# TASK OBJECTIVE
Word for word, copy the line that contains "Jacquie Aiche 38mm" and each line after it in the data below. Pictures stay out of the copy.

# GIVEN INFORMATION
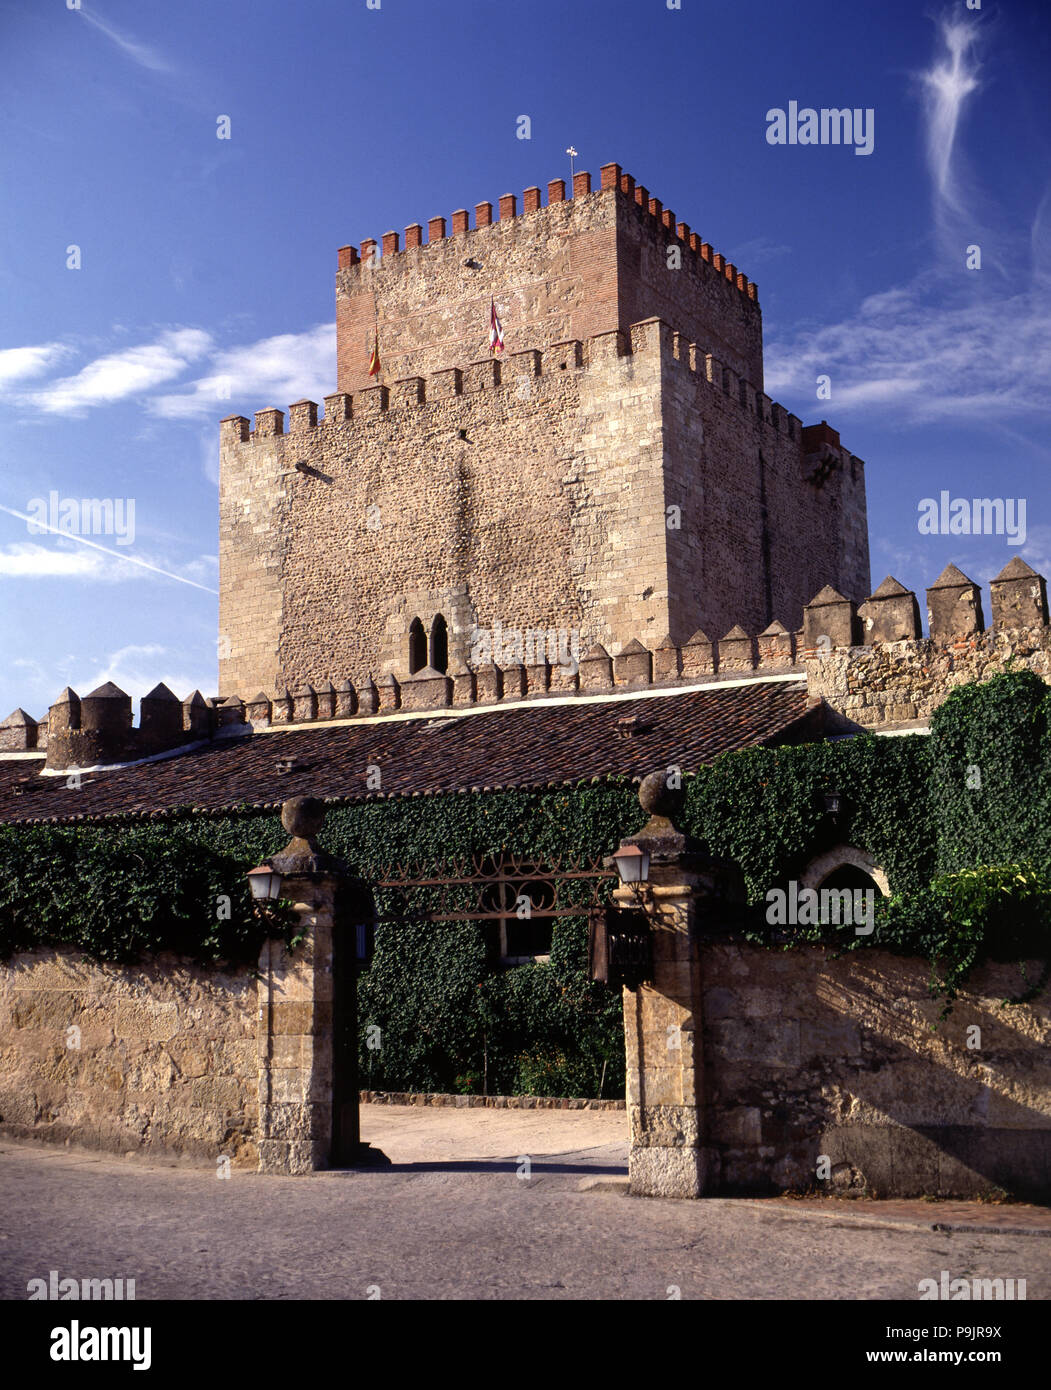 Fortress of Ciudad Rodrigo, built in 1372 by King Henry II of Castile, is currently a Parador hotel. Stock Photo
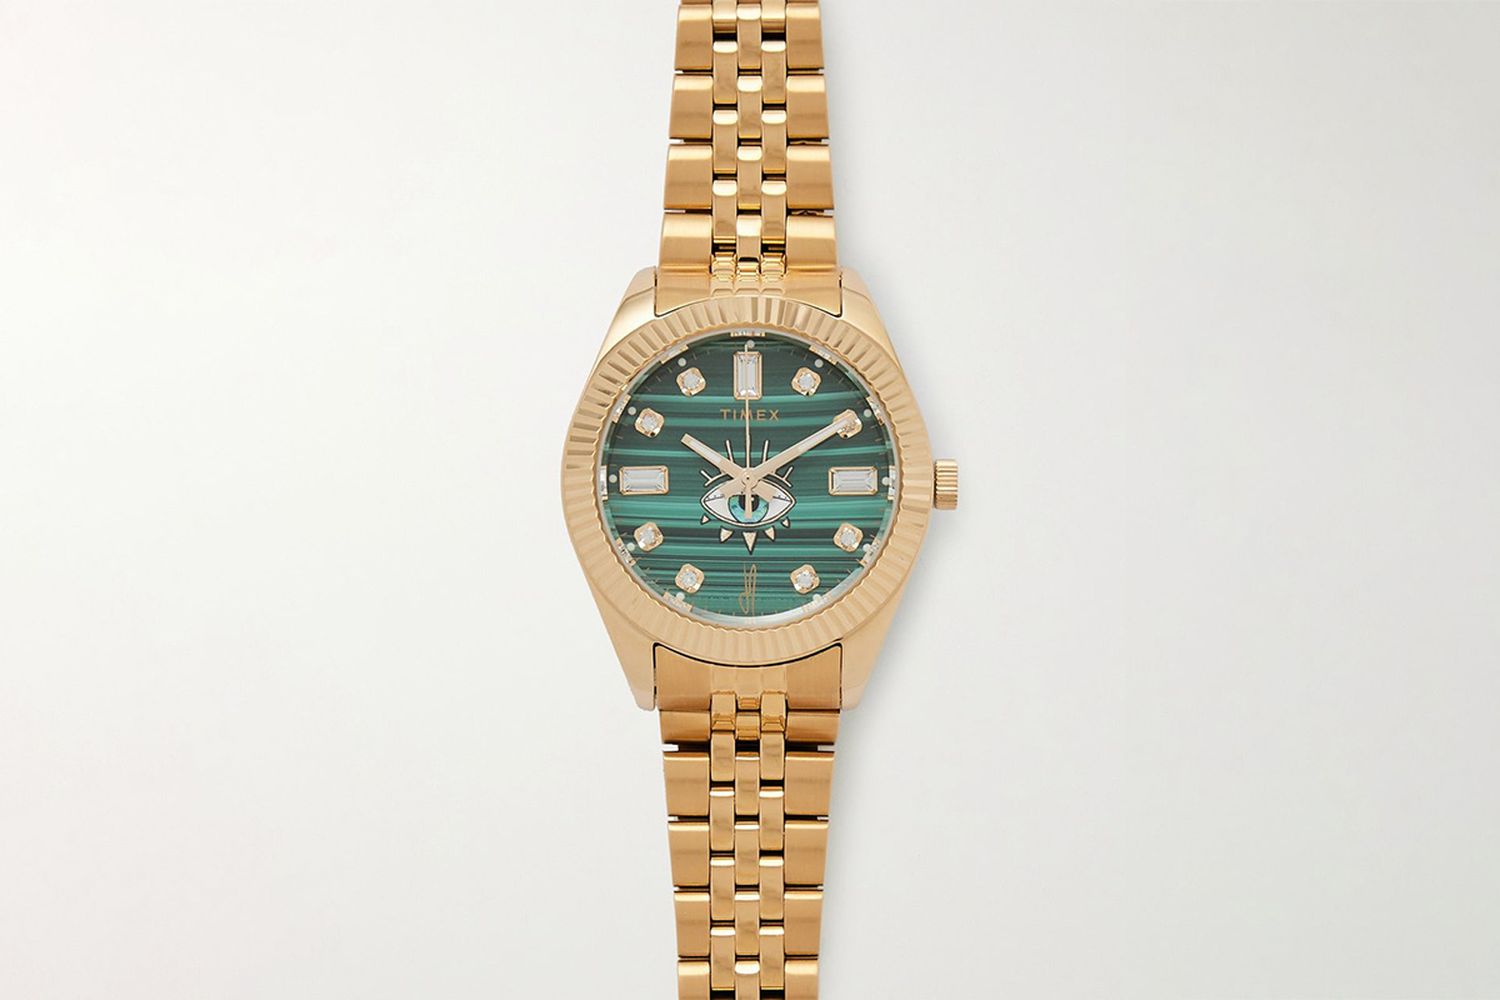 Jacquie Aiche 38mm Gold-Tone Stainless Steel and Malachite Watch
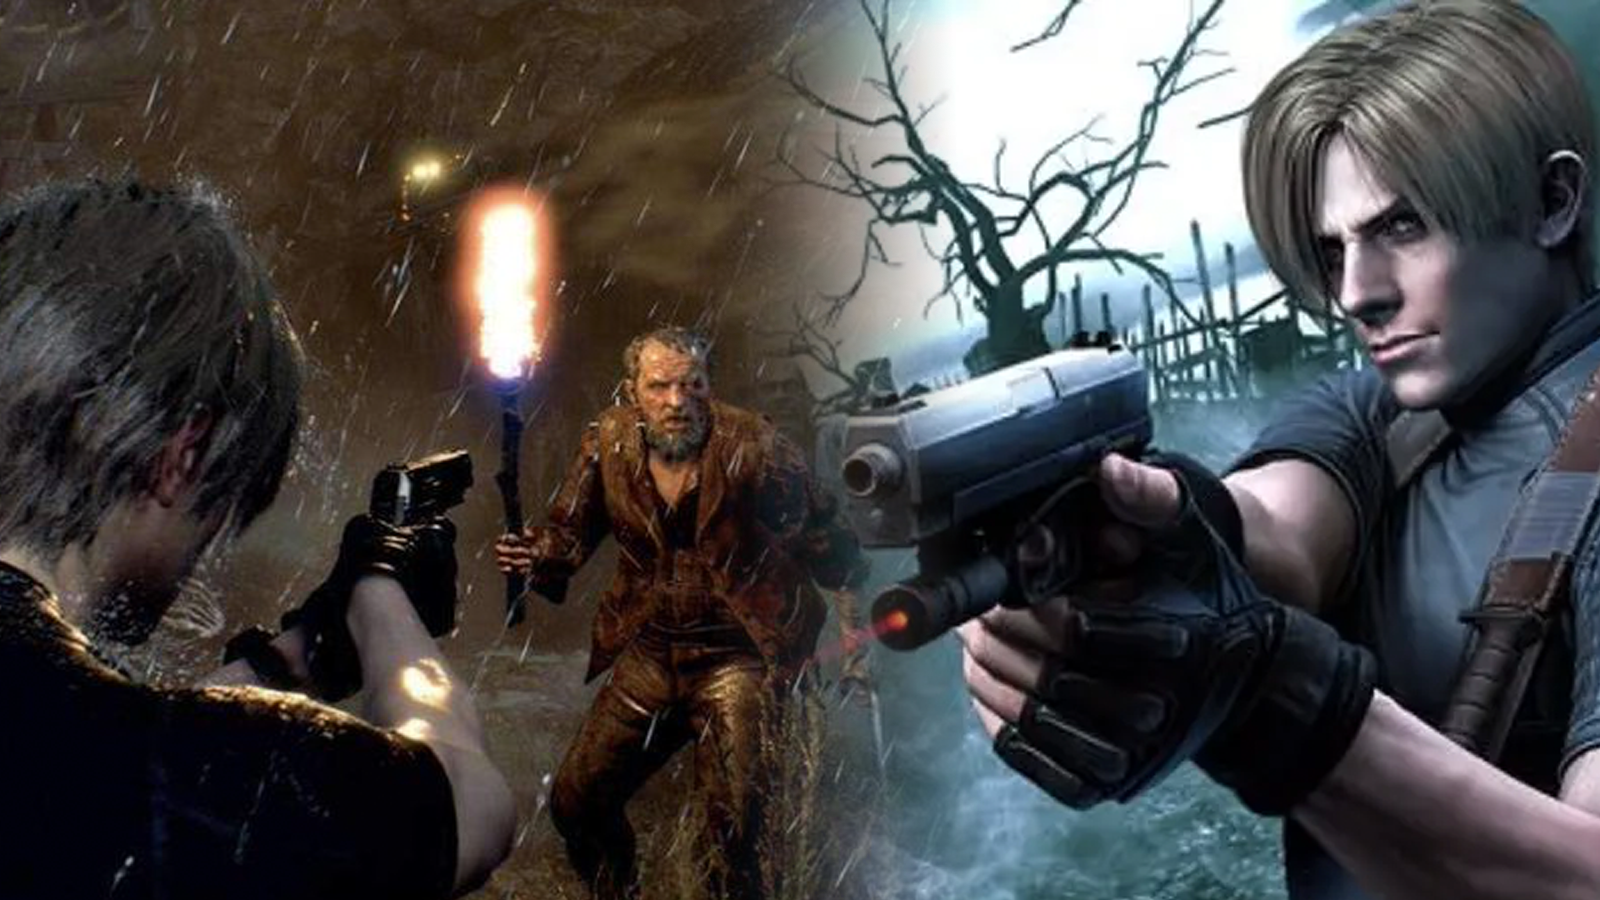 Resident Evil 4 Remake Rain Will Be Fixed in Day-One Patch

# SOLUTION TO THIS EXERCISE
 Jacquie Aiche 38mm Gold-Tone Stainless Steel and Malachite Watch
 Resident Evil 4 Remake Rain Will Be Fixed in Day-One Patch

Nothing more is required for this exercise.